Последняя фотография была загружена четыре года назад. Себастиан сидел где-то в ресторане, окутанный солнечным светом золотого часа. На щеках пробивалась медная щетина, а волосы вихрами спадали на высокий лоб, скрывая поднятые брови. Расстегнутый ворот рубашки, закатанные до локтей рукава и целый отряд чертей во взгляде.
Вот снова он, как будто пьян – селфи в лифте, рубашка измята, волосы всклокочены, а глаза дикие, искрящиеся – точно такими же глазами Себастиан смотрел на нее в последний раз.
Следующее фото с какого-то собрания, уже серьезен, причесан, хорош, как греческий бог.
Регина листнула дальше, к старым фото и видео. Вот он же, но немного младше, кривляется на камеру, подскакивает со стула в баре, оглушительно хохочет, расплескивая из бокала пиво. Ему вторят пьяные голоса за кадром, кто-то кричит «К черту экзамены, у Басти день рождения!», и он начинает танцевать, пускается в безумные пляски, до тех пор, пока камера не отключается.
Себастиан был мертв уже довольно давно, но в интернете он продолжал жить – на каждой фотографии, в каждом видео. И тем более жутко было видеть, как он шатается из комнаты в комнату – лишь бледная тень себя прошлого, не останавливающий спиной солнечный свет, зыбкий и уставший.
Она бы хотела ему помочь, правда. Но понятия не имела, как.
Какое-то время она тупо смотрела на то, как видео повторяется снова и снова, затем вздохнула и закрыла вкладку, неимоверными усилиями занося руки над клавиатурой – и все равно каждая мысль стремилась к нему, стоящему вчера у окна и тоскливо смотрящему в сад.
Регина просидела над документом добрую половину дня, и выдавила из себя лишь несколько жалких абзацев. Они так и выглядели: лишенные искры, жизни, как жмых от соковыжималки – лишь сухой остаток, который никуда не пристроить.
Пресно, невкусно.
Вымученно, жалко.
Изо всех сил борясь с желанием расчесать себе запястья, Регина закинула в рот пару орешков из стоящей на столике вазочки, прожевала и проглотила, не чувствуя вкуса.
У нее было твердое убеждение, говорящее о том, что нельзя садиться работать без вдохновения, но большинство знакомых ей людей утверждали обратное.
Нужно просто начать, и в процессе вдохновение появится.
Или так, или она рискует никогда не закончить.
У Регины появилось только желание вздремнуть, а потом полистать новостную ленту, надеясь, что она перекроет собой острую неудовлетворенность от того, что чуда не случилось.
Снова и снова она откладывала свою работу на потом. Через полчаса, через час, завтра.
Это перестало хоть немного ее удивлять, лишь все больше разочаровывало.
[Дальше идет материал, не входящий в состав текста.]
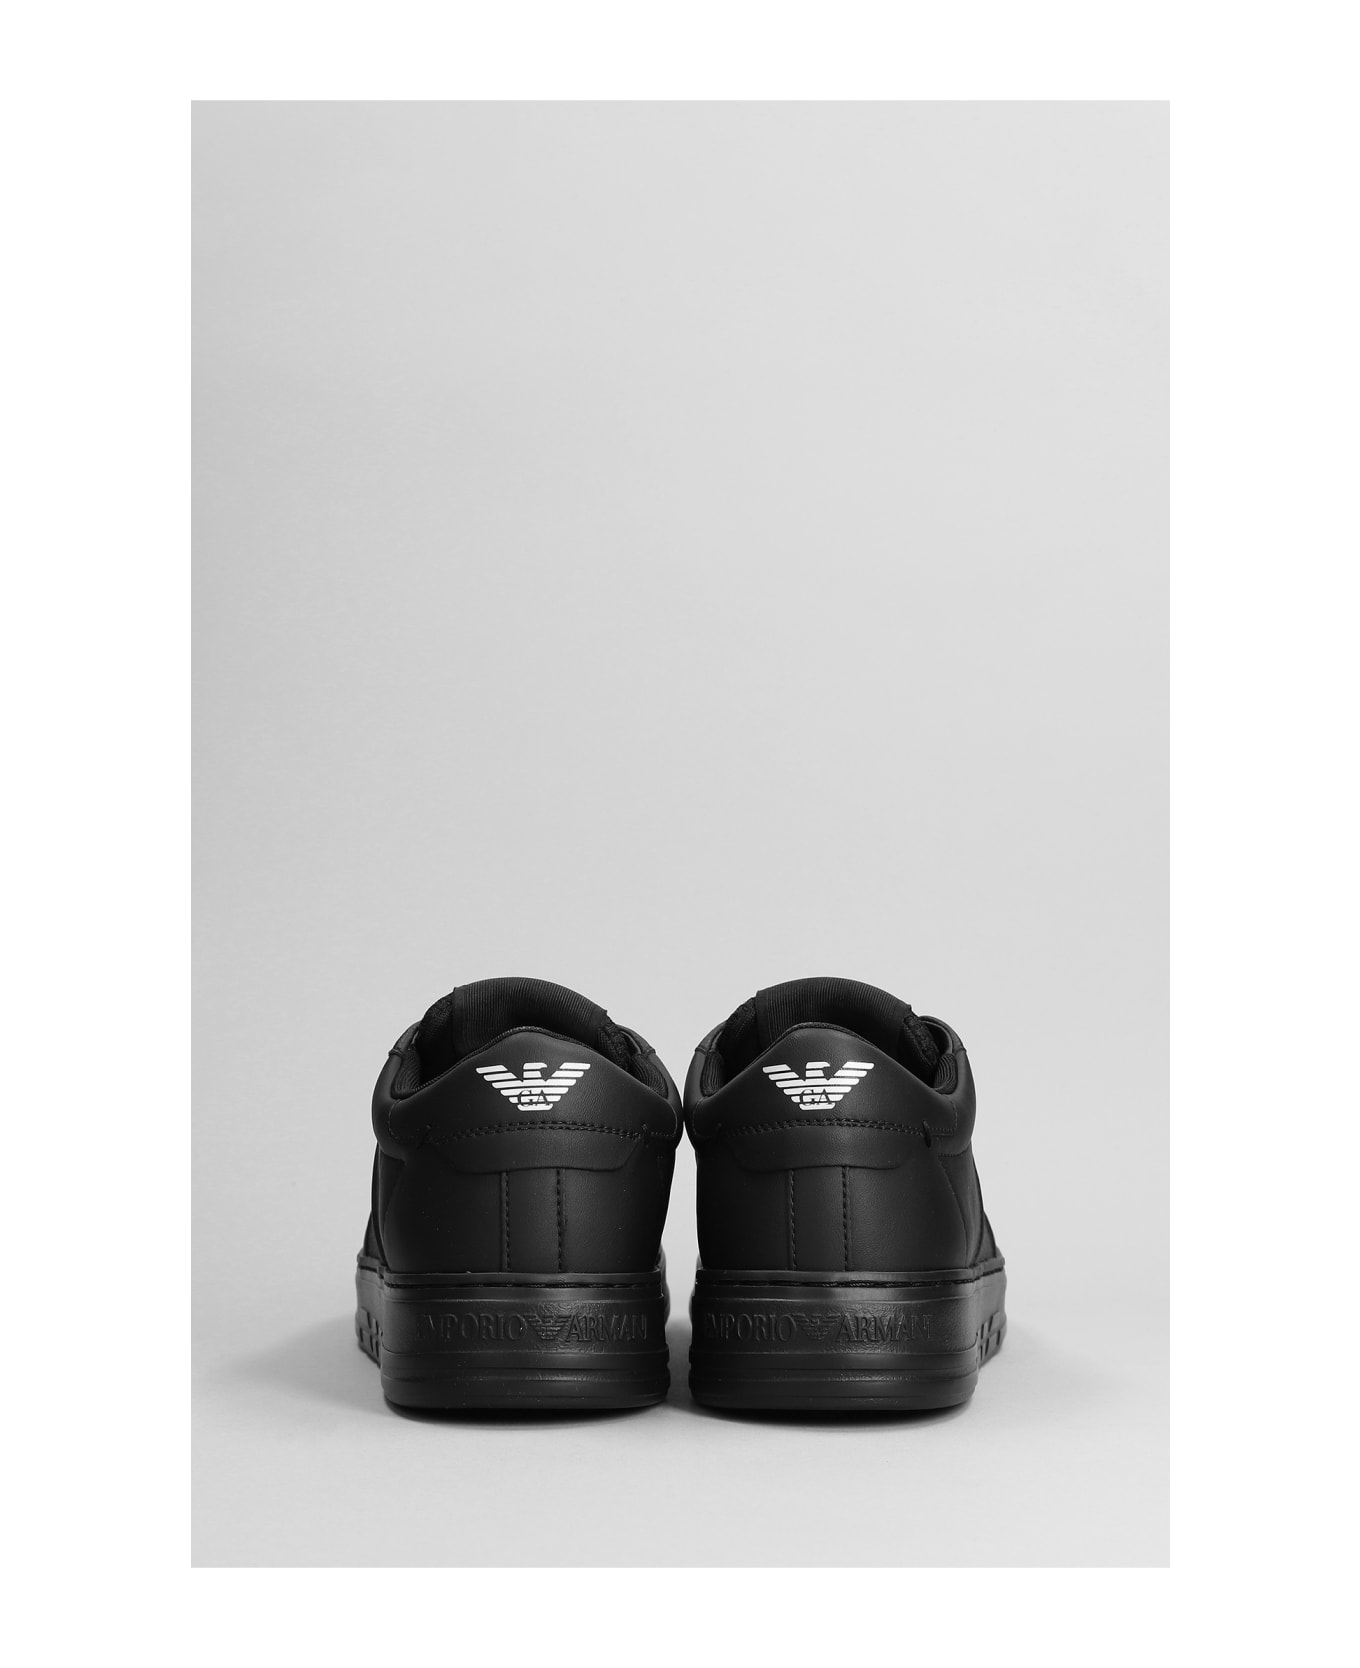 Emporio Armani Sneakers In Black Leather - Black

Вздохнув, Регина удалила сегодняшнюю писанину и захлопнула ноутбук. Вдохновение не пришло в процессе? Что же, она попробует его поискать.
Холл Блэквуд-хауса, каждый раз поражающий ее своими масштабами и роскошествами, на манер огромного кота разлегся перед ней, неподвижный и спокойный. Неторопливо пройдясь, наступая каждый раз на черные квадраты, она добралась до лестницы и села на последнюю ступеньку, сложив руки на коленях.
Тусклый солнечный свет проникал в холл сквозь витраж и рассыпался на сотню цветных осколков прямо у ее ног. Регина поставила ступню на синий треугольник, и он немедленно скользнул по лодыжке.
Вполне возможно, кто-то до нее сидел так же и пытался потрогать свет. Она почти знала это.
В этом холле многое происходило. Мудрый и старый, он видел столько событий, и был готов рассказать – только попроси.
Она поставила вторую ногу на красный квадрат и вгляделась в блестящую шахматную гладь пола.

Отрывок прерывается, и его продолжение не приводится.